Early last week the Centers for Medicare & Medicare Services boasted that “Medicare ACOs Provide Improved Care While Slowing Cost Growth in 2014.” For the Shared Savings ACO program, total “net savings to the Medicare Trust Funds was $465 million.” For the Pioneer ACO program, it’s not clear how much Medicare saved, although a good guess is about $38 million, since total savings were $120 million and 11 of the Pioneer ACOs qualified for “shared savings payments of $82 million.” That’s a total savings to taxpayers of $503 million ($485 million + $38 million).

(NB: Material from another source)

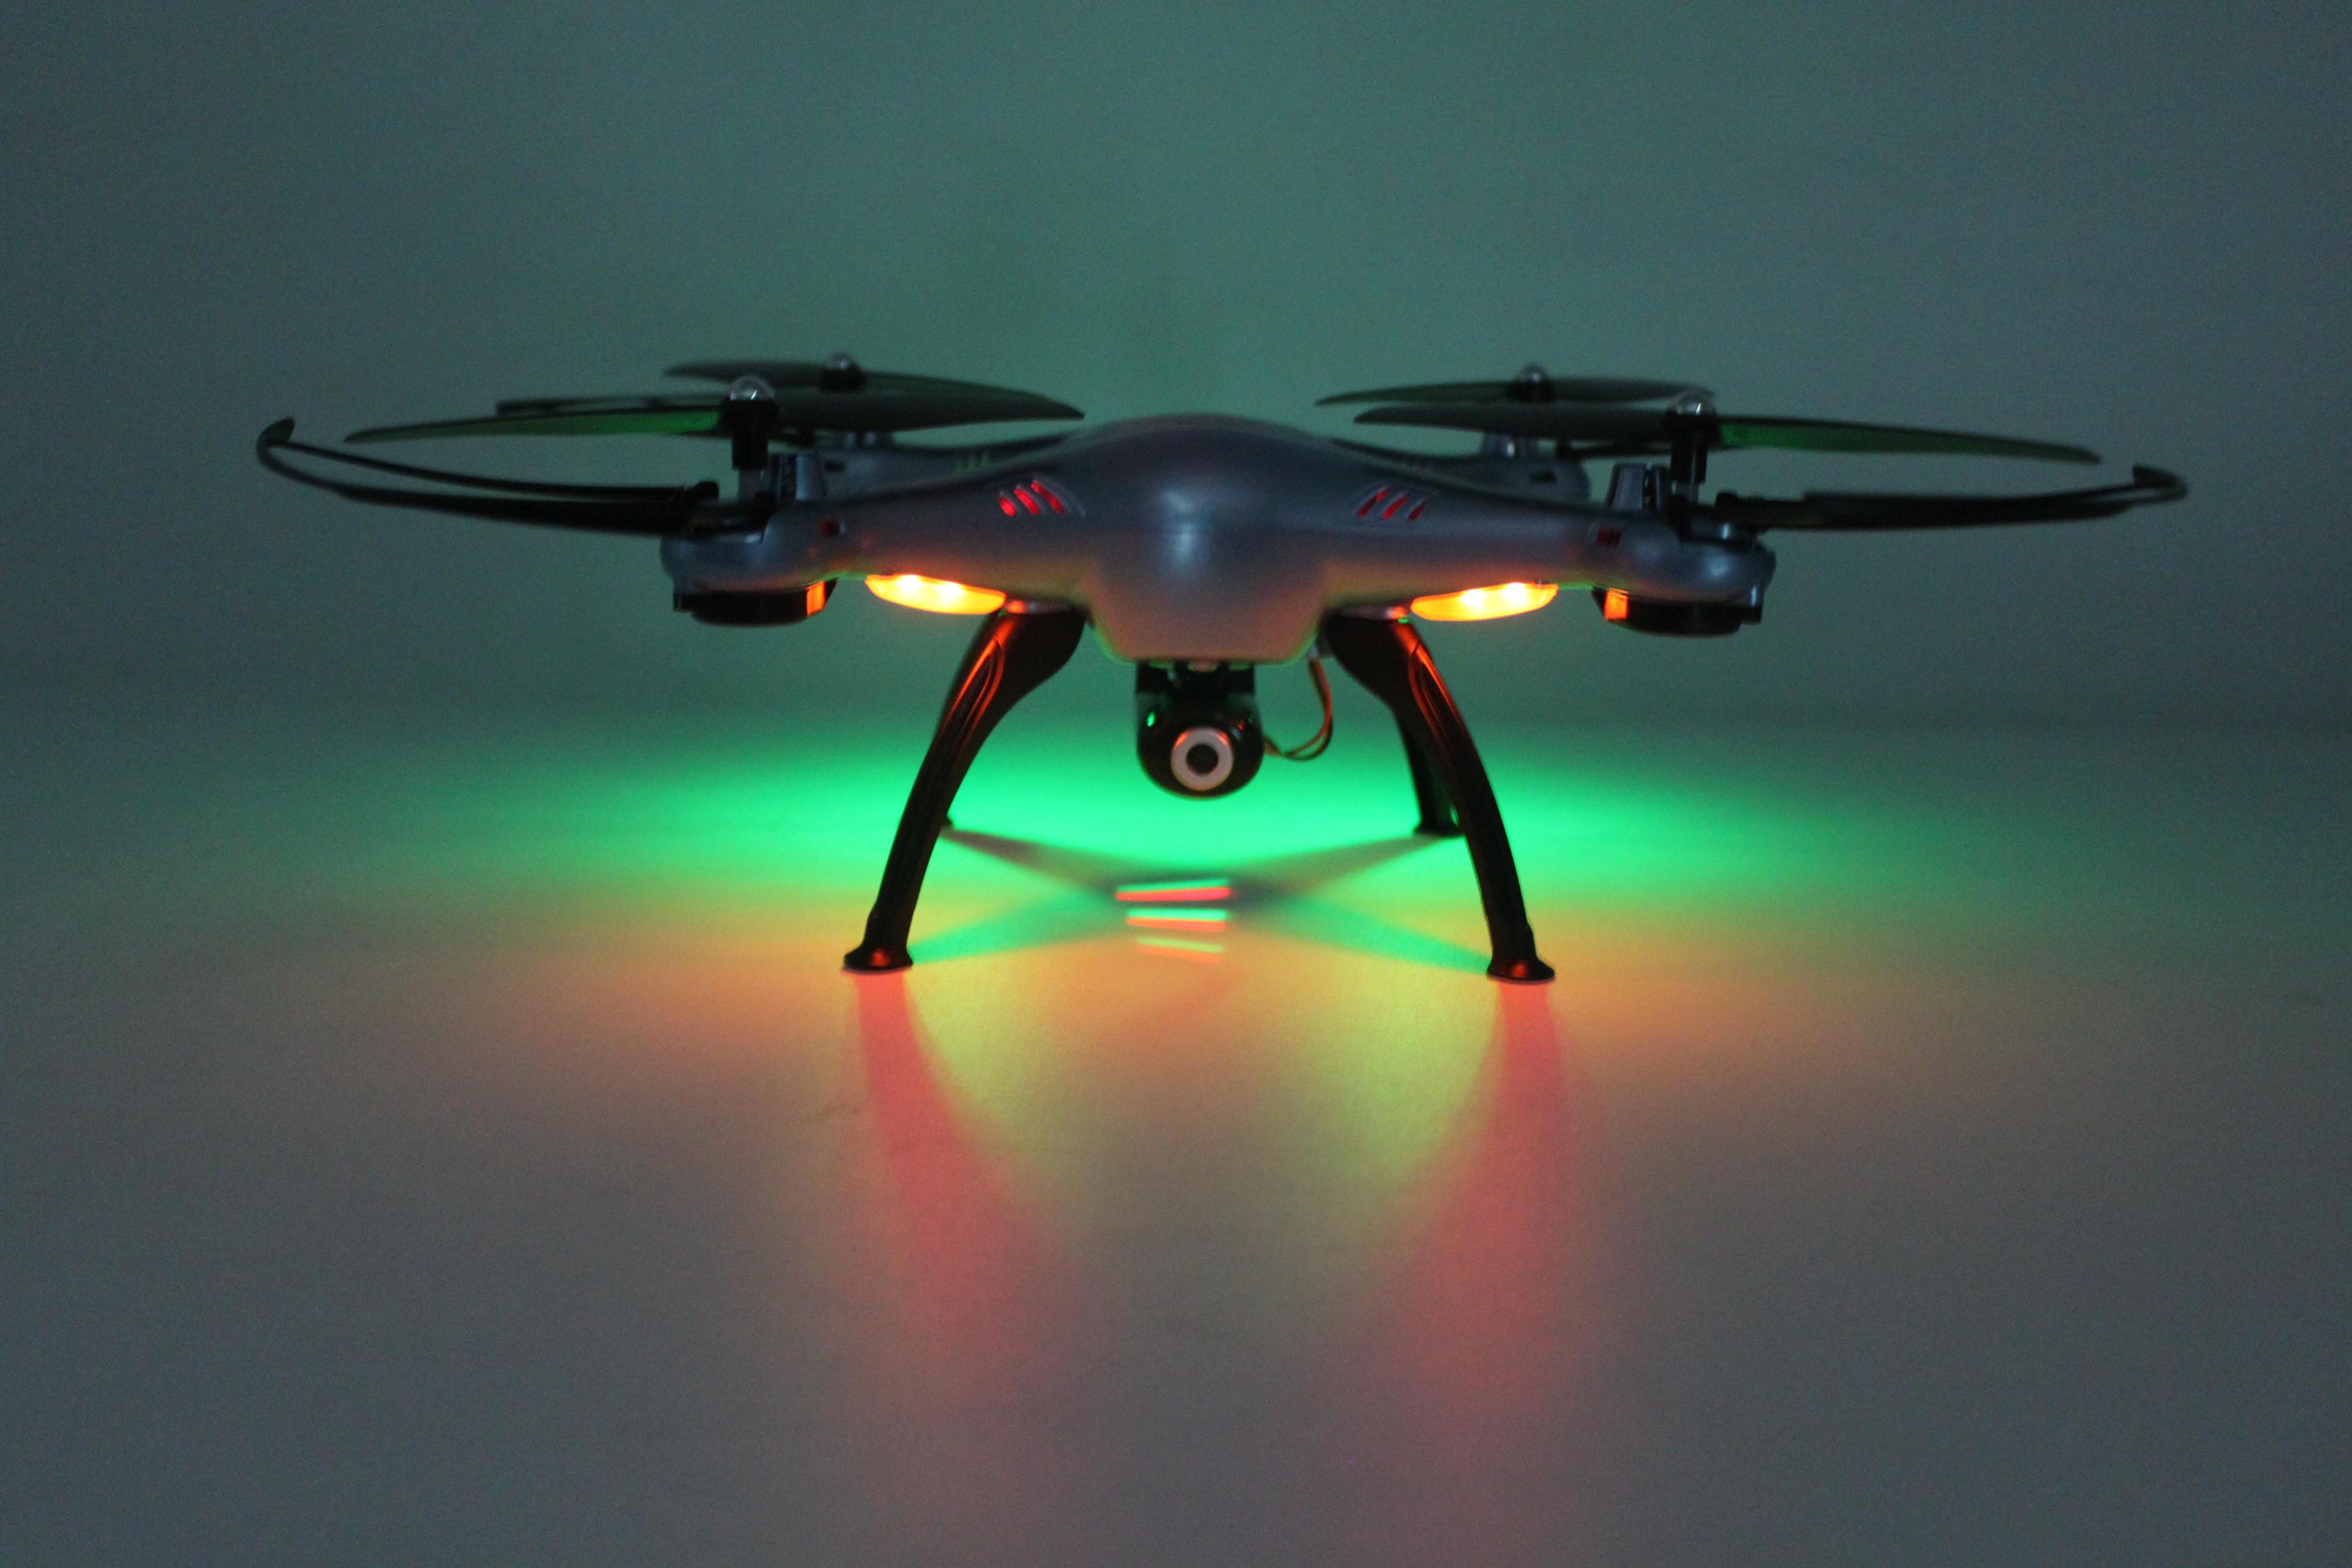 Квадрокоптеры (51 фото): что это такое и зачем нужен? коптеры для съемки. как выбрать хороший квадрокоптер? аккумуляторы и устройство

How much savings would that generate if all 54 million Medicare beneficiaries were in ACOs? There were about 7.8 million people in ACOs in 2014, which means the ACOs saved about $64.64 per beneficiary ($503 million divided by 7.8 million). Multiply $64.46 by 54 million and you get about $3.5 billion. That $3.5 billion represents about 0.69 percent in savings of the roughly $505 billion Medicare budget.
Since 2013’s projected savings was about 0.96 percent, then the savings rate for ACOs has declined by about 28 percent ((.69-.96)/.96).
In conclusion, and I’m just guessing here, but I don’t think this ACO idea is going to solve Medicare’s $41 trillion unfunded liability problem.